Here is a video. The front fish is the one I am talking about; you can tell he is darker than that of his tankmate.
http://www.youtube.com/watch?v=g7SS9oyQ5YQ

All parameters are normal for a cycled tank. The pH is 6.8-7.0. Temp. is at 80-82. It's tank mates are Black Neon Tetras, Green Cories, Albino Cories, and a BN pleco. I am not sure of it's gender as its dorsal fin is rarely erect enough to tell, but I am pretty sure that the other one is male (its second and third dorsal fin rays are longer than the others).

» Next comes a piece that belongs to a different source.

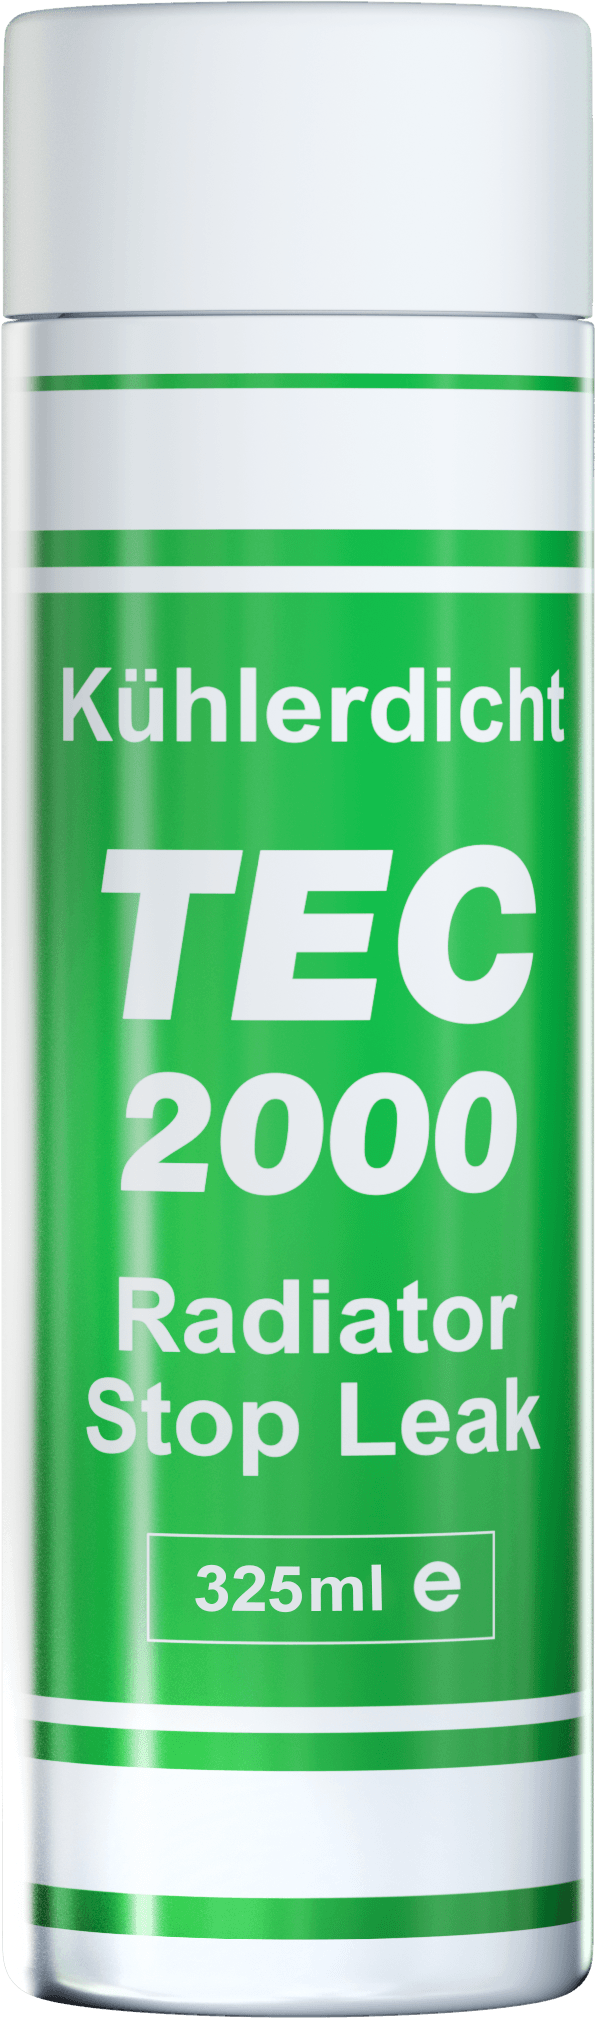 TEC 2000 Radiator Stop Leak product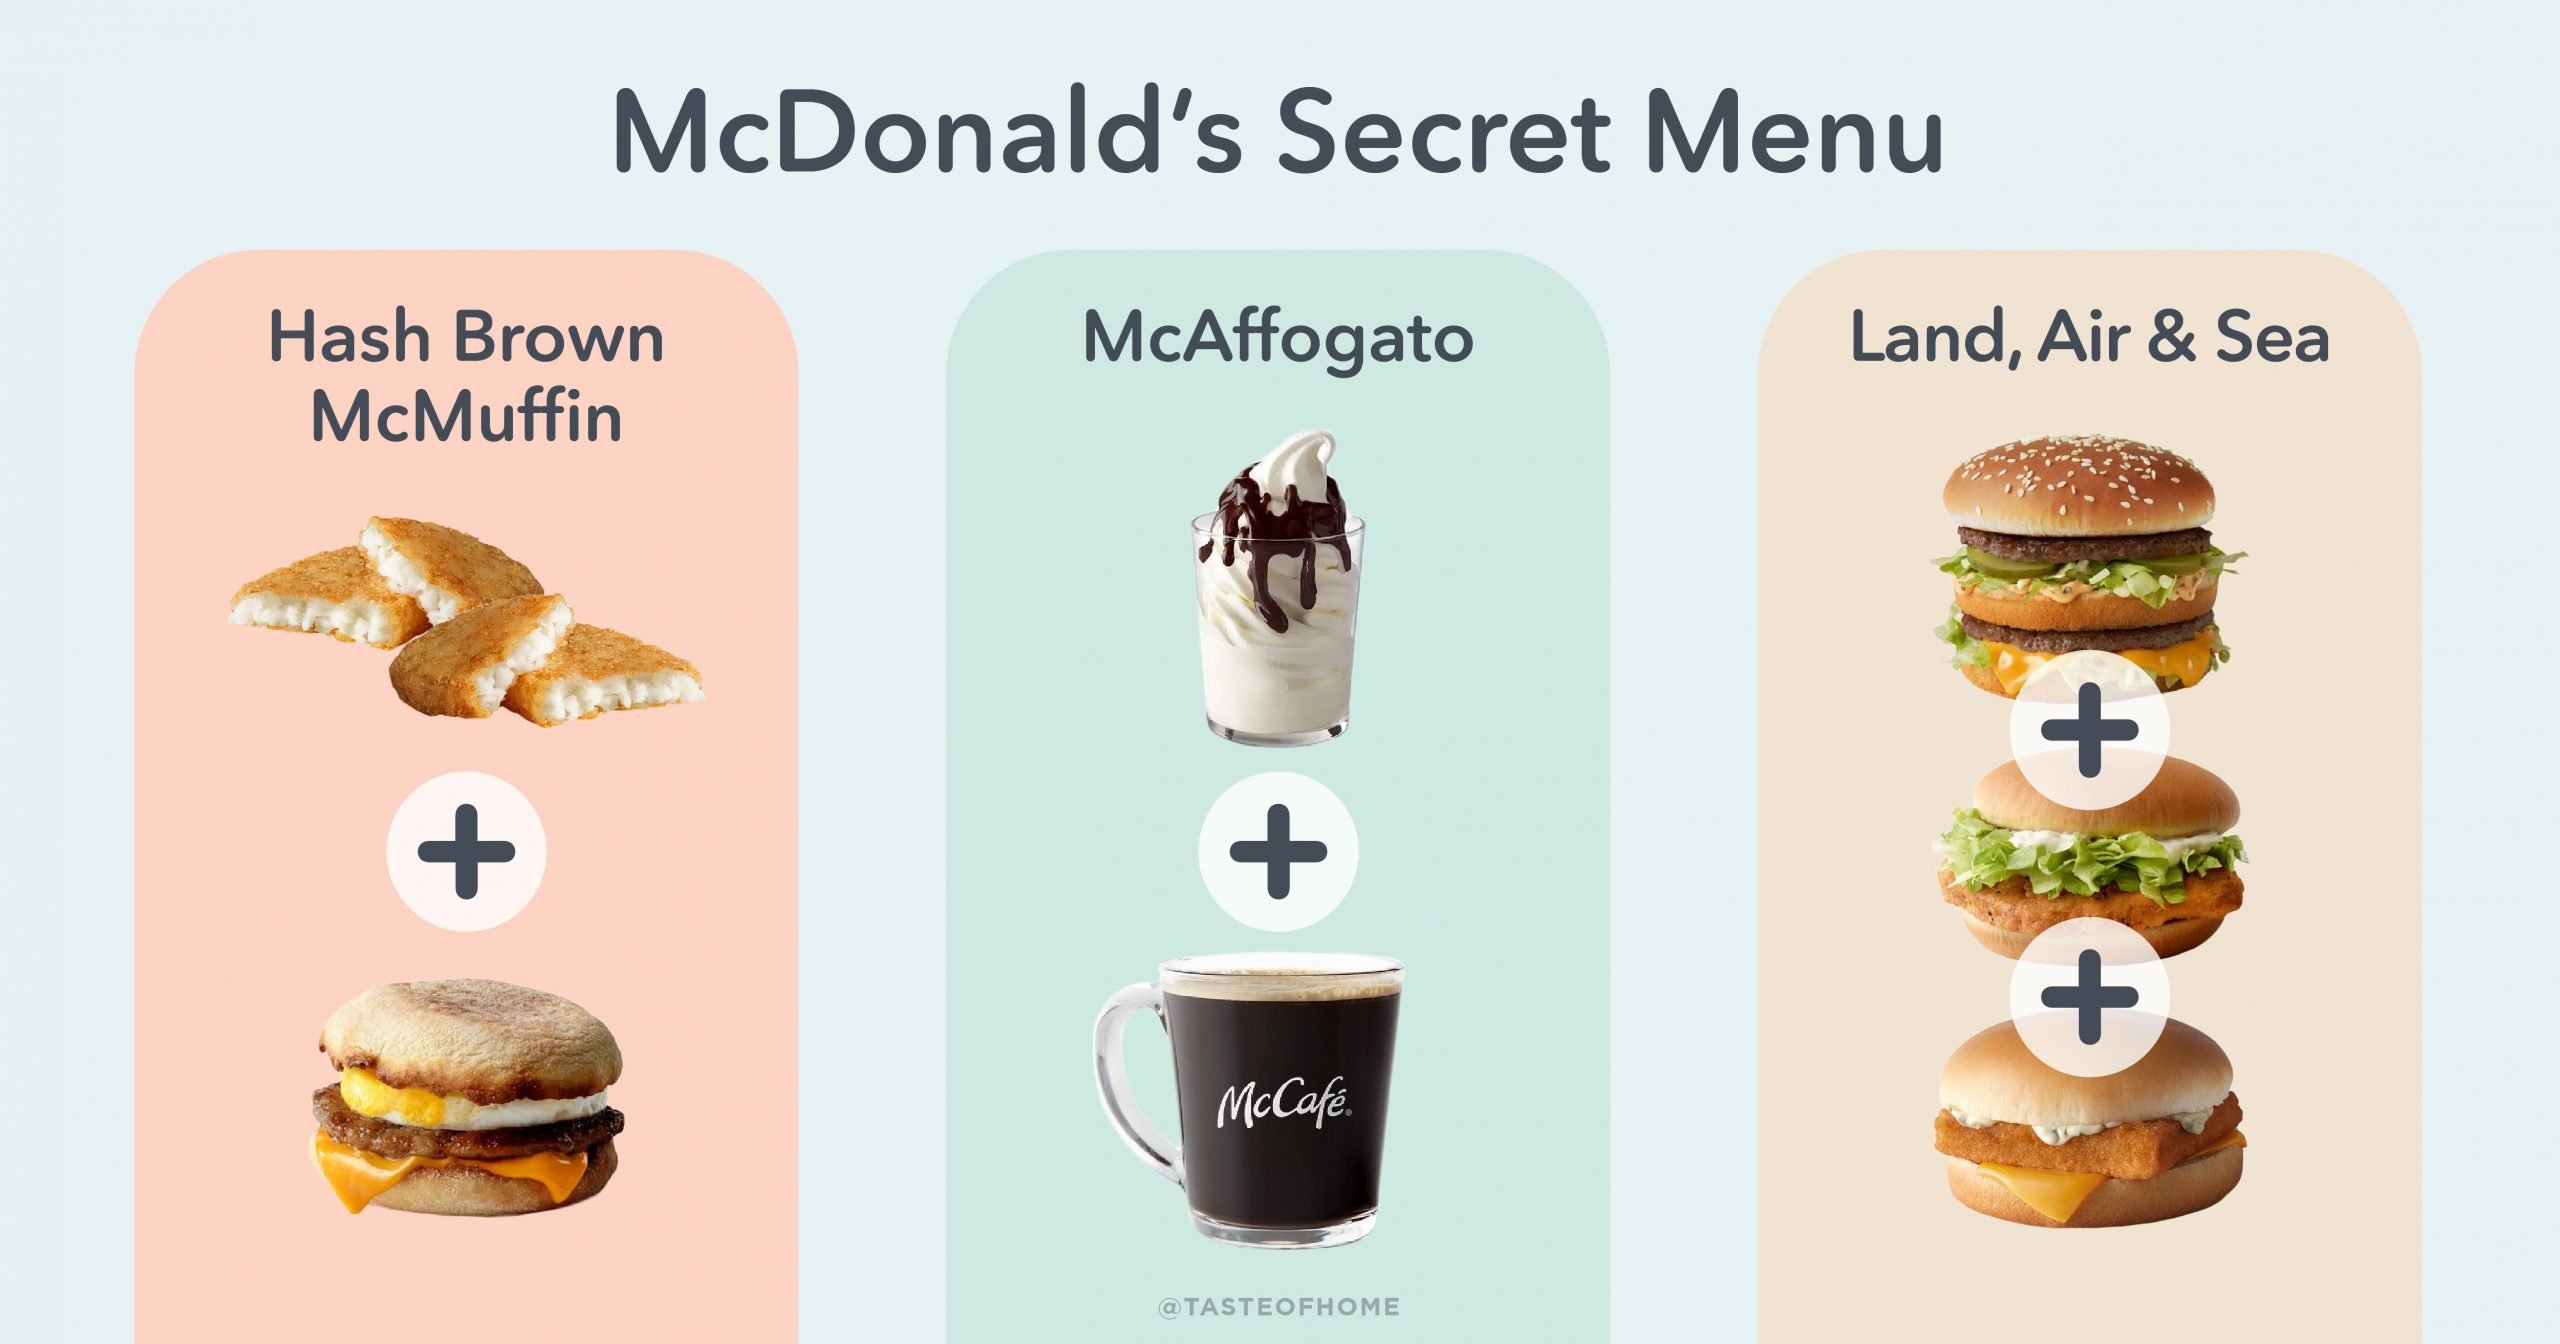 What's on the secret menu at McDonald's?

Could it be stress that is causing it? The other one does seem to chasing it; could that be the reason for such dark colors?

Any help is appreciated!

Edit: Just wanted to say that s/he is darker now than in the video. His/her head/face is turning close to a black color and the indigo color is darker now.


----------



## Betta man (Mar 25, 2011)

Is the other ram bullying her? She's probably stressed.


----------